RFs obtained from CT scanners produced by the same vendor were statistically more similar than those obtained from datasets from different CT vendors, even if equipped with different numbers of detectors. This result is in line with phantom-based studies which demonstrated that same vendors CT scanners were clustered together9, and multi-vendors dual-energy CT studies10 demonstrated lower reproducibility.
The effects of mA and KV variations on the reproducibility of RFs were different. In fact, modification of mA was not associated with alteration of RFs values 11,12, whereas kV variations were associated with exponential variation of several RFs (especially First Order and GLCM)13. As this result might have strong implications in multicenter studies, standardization of kV in CT protocols among different centers is strongly suggested to obtain homogenous data. We can speculate that current and voltage might have different effects on the reproducibility of RFs because of the Photoelectric and Compton effects. Specifically, the high-density vertebral trabecular structure could be better characterized by high-energy photons (higher kV) that could better describe biological related characteristics of the patients’ bony tissues14.

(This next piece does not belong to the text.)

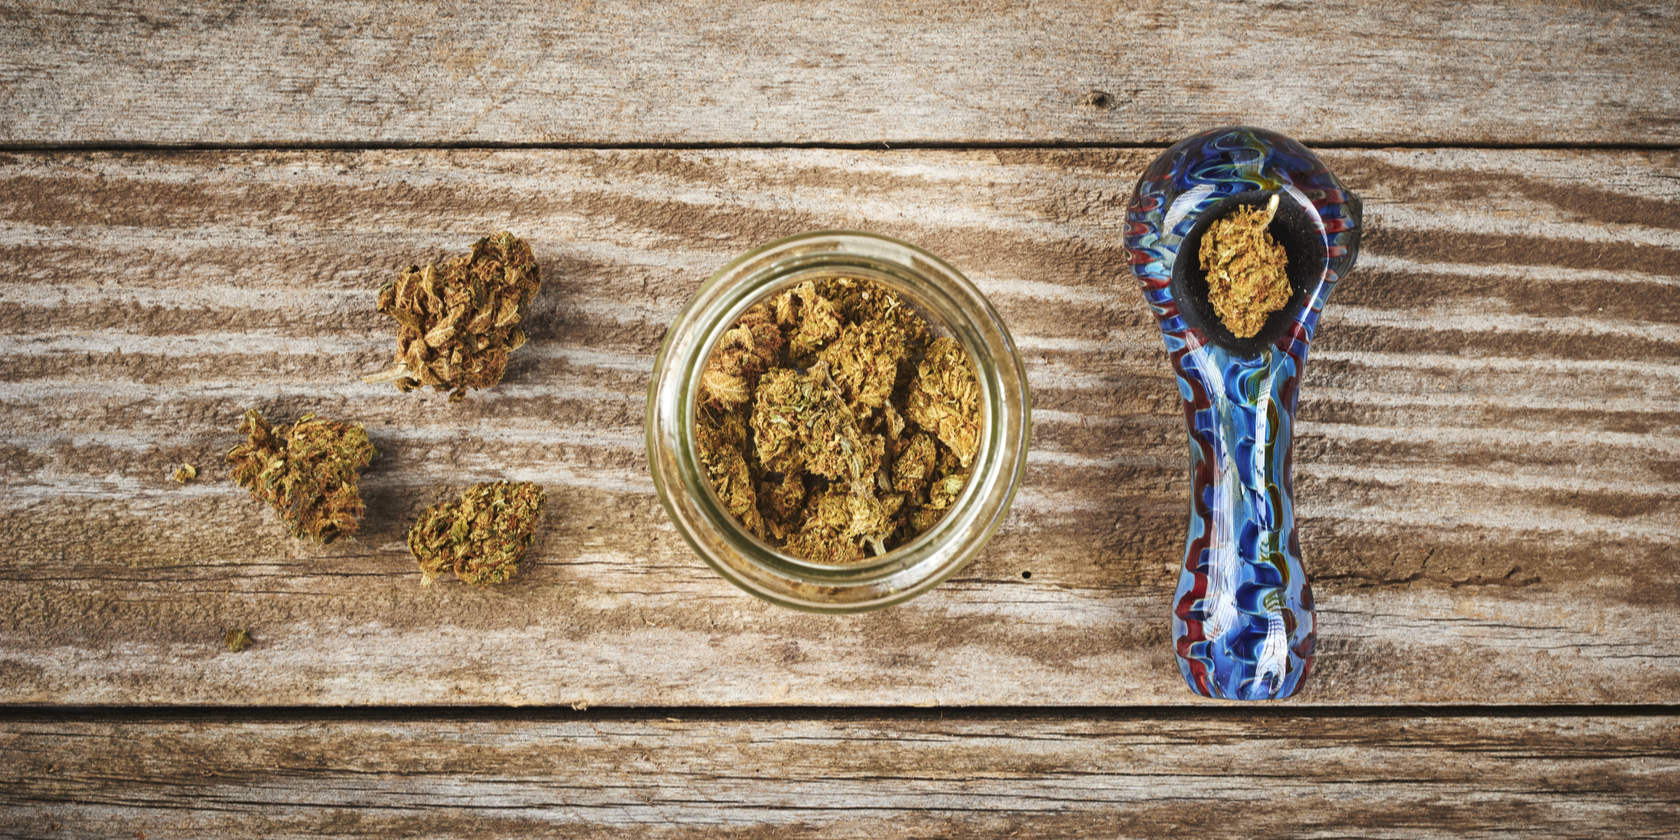 Marijuana Pipes: Learn About Aspects to Select Your Pipe

CT acquisitions with different FOV showed a significant modification of the shape features, which is likely due to the different voxel size. However, also other classes of RFs were significantly modified. This is in line with results previously obtained on phantom data6, that showed low reproducibility when varying FOV and reconstruction Kernel. When compared to the standard image kernel, reconstruction kernel applied to the original raw data was associated with significant differences especially in First Order, GLRLM, GLSZM and NGTDM features. The results obtained analyzing the interactions between reconstruction algorithm and different scanners suggested a stronger agreement between RFs reconstructed from scanners of the same vendor compared to RFs obtained from scanners of different vendors. This outcome is probably due to the diverse proprietary kernel algorithms used by different vendors, suggesting caution when processing images from different vendors particularly when proprietary filters are applied.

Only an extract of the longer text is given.